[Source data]
######
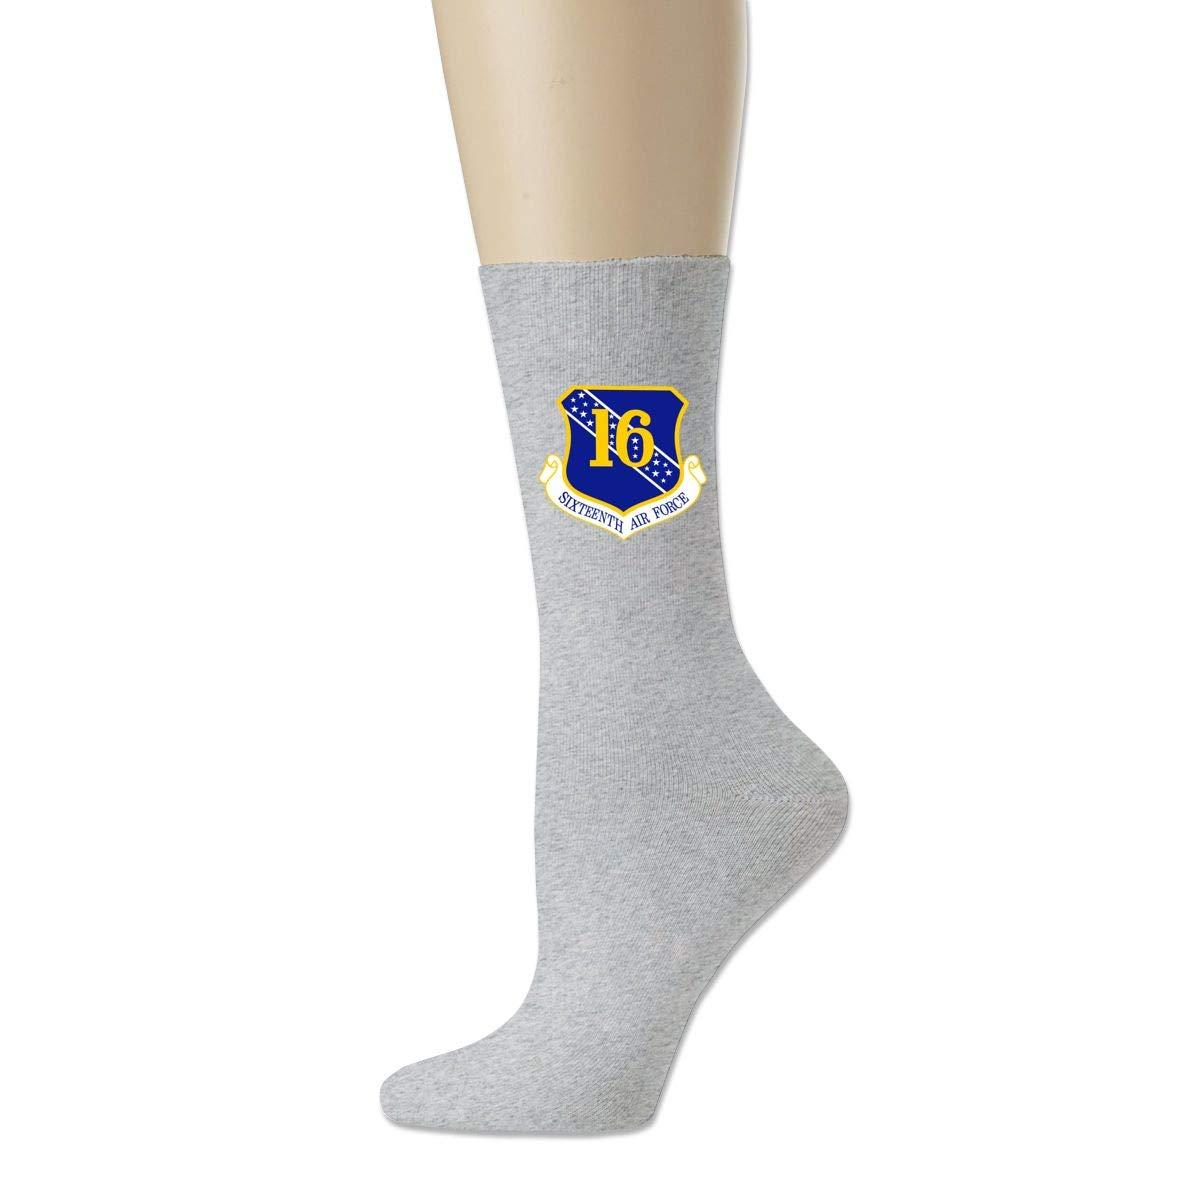 16th Air Force Mens Pack Crew Socks Tube Stockings Athletic Socks
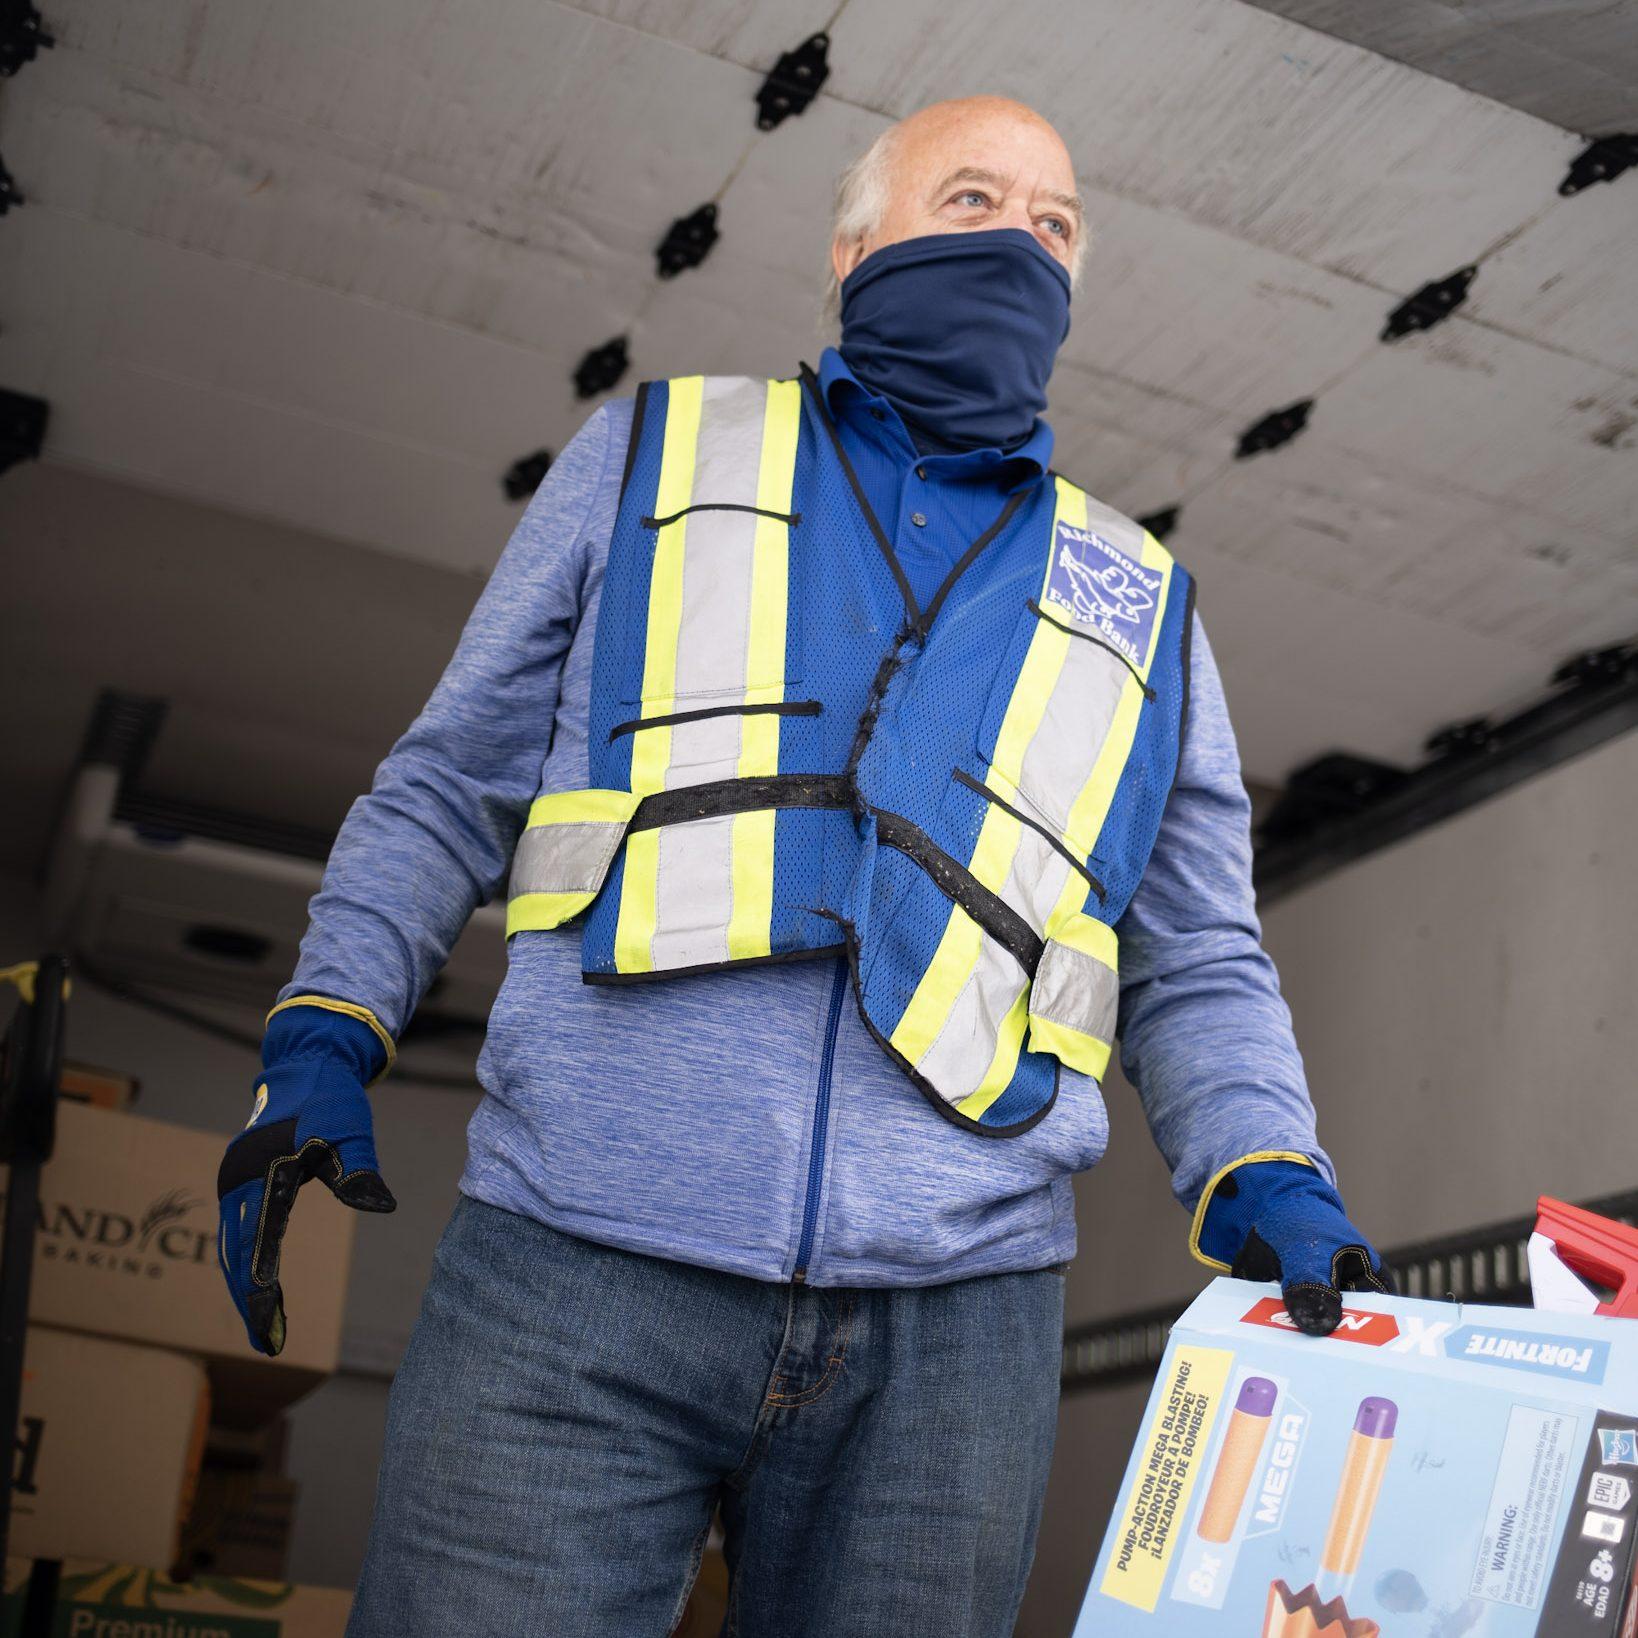 food bank volunteer driver unloads donations from truck
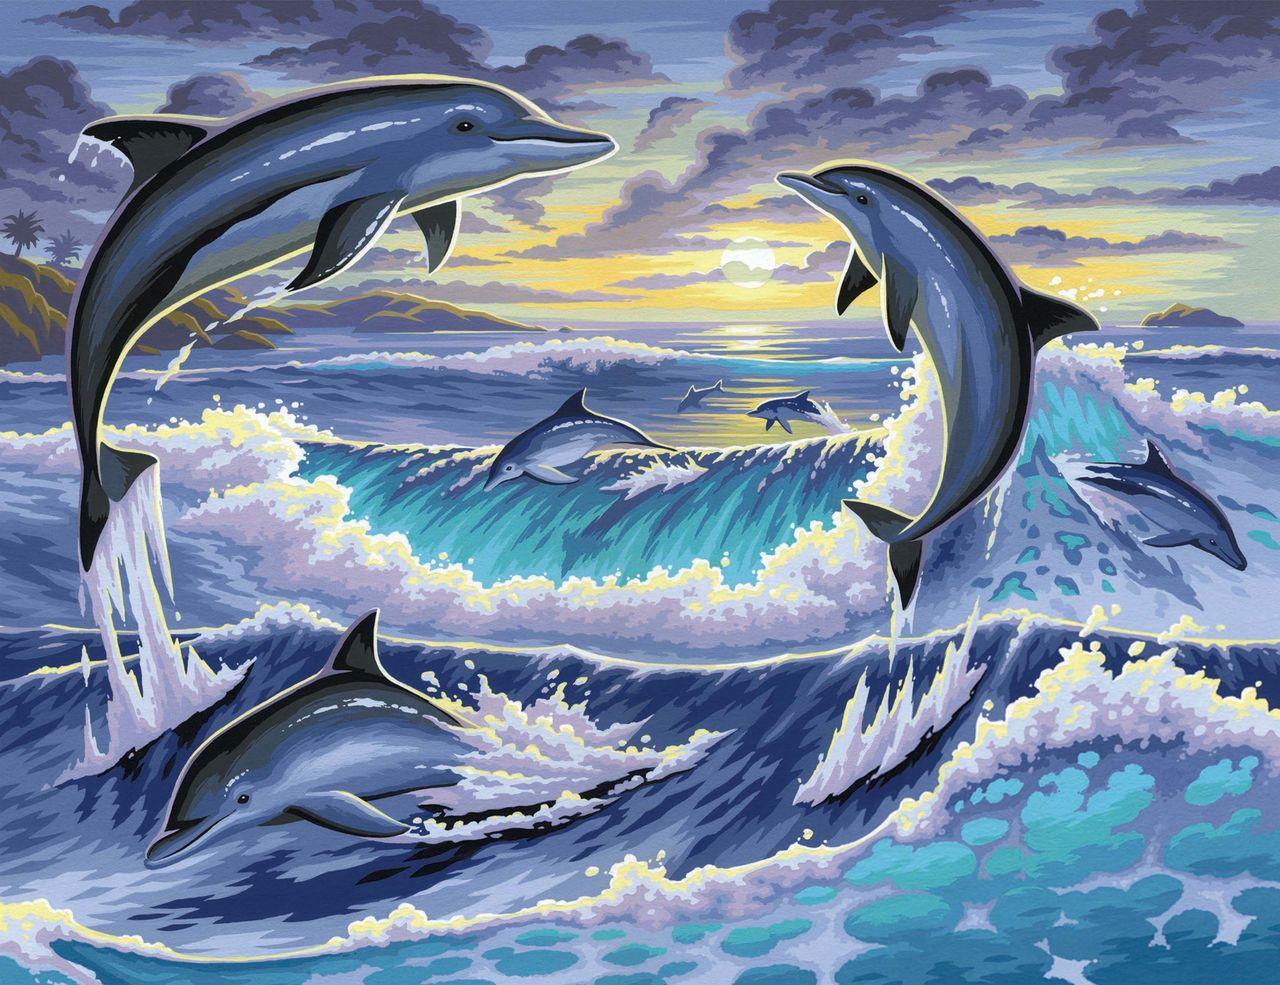 Schnittmuster delfin kostenloses Slip Luise
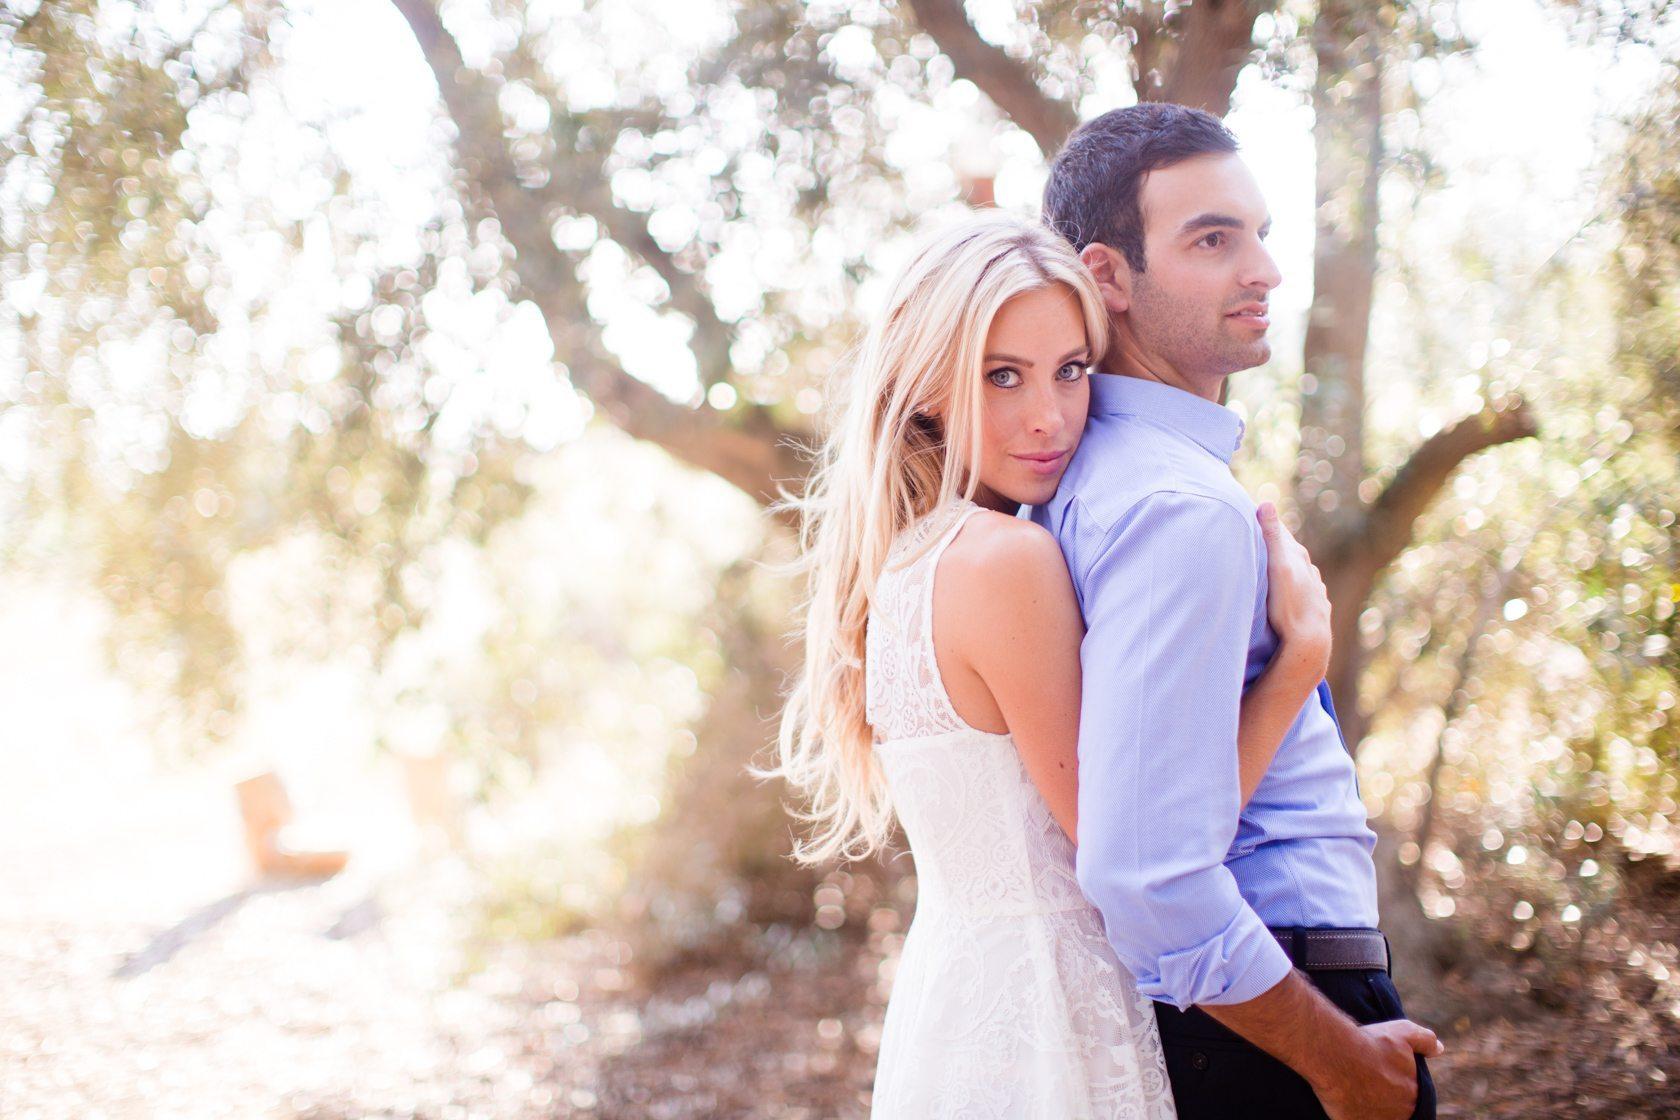 Highland_Springs_Lavender_Field_Engagement_10.jpg
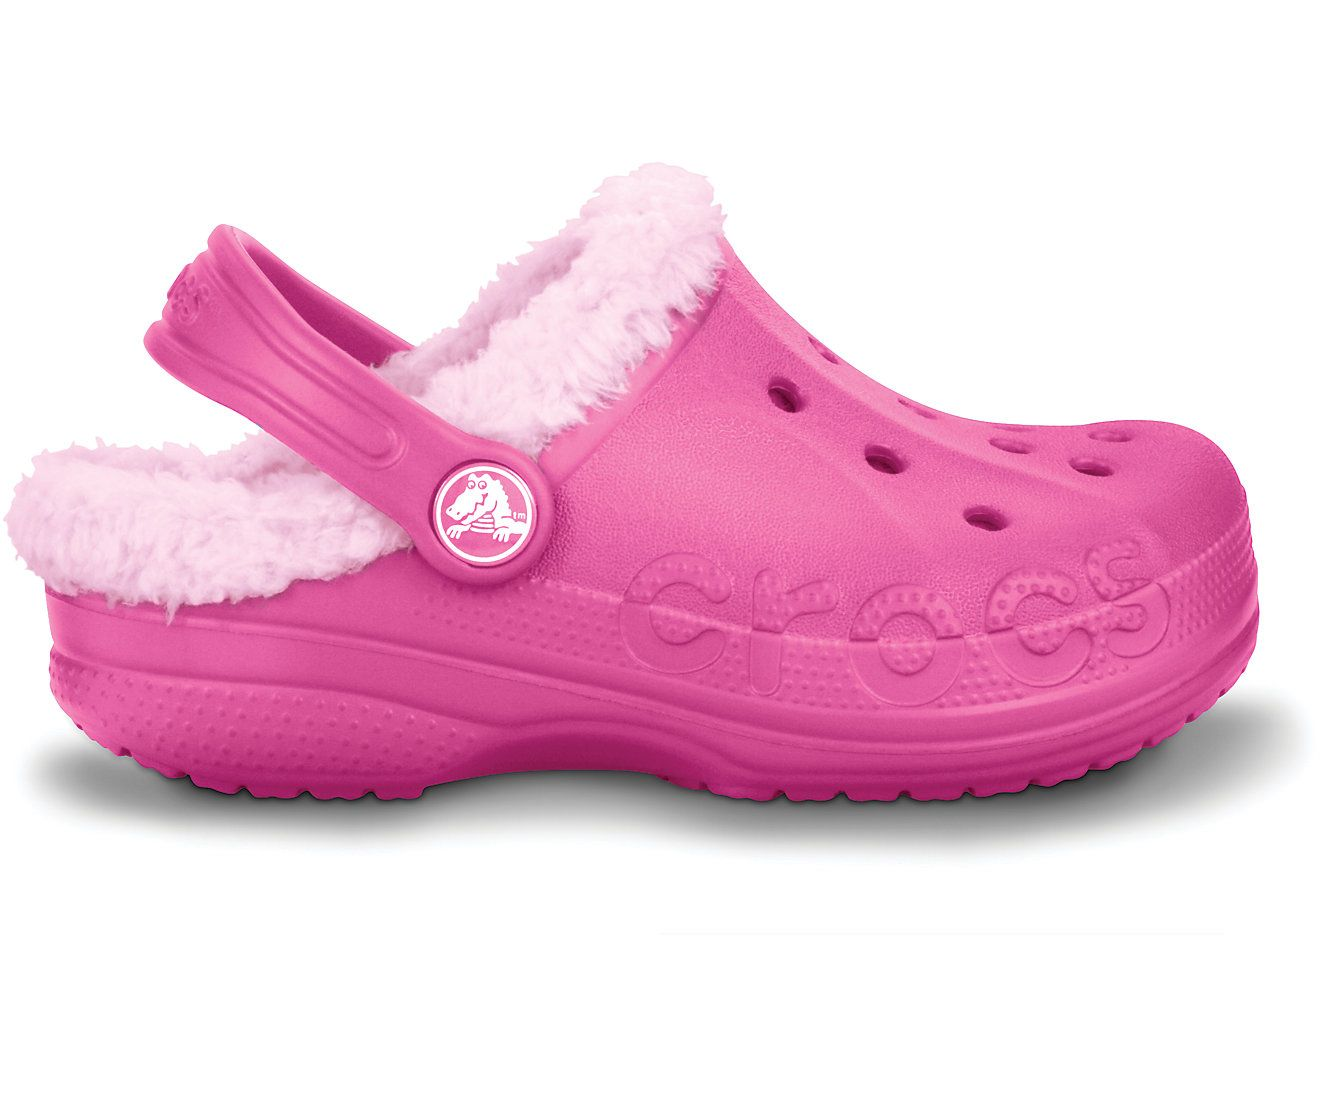 Comfortable Clog | Crocs Official Site
######
# What you are asked to do:
Quote the records in full and exactly; skip any image.

# Reply to the task:
 16th Air Force Mens Pack Crew Socks Tube Stockings Athletic Socks
 food bank volunteer driver unloads donations from truck
 Schnittmuster delfin kostenloses Slip Luise
 Highland_Springs_Lavender_Field_Engagement_10.jpg
 Comfortable Clog | Crocs Official Site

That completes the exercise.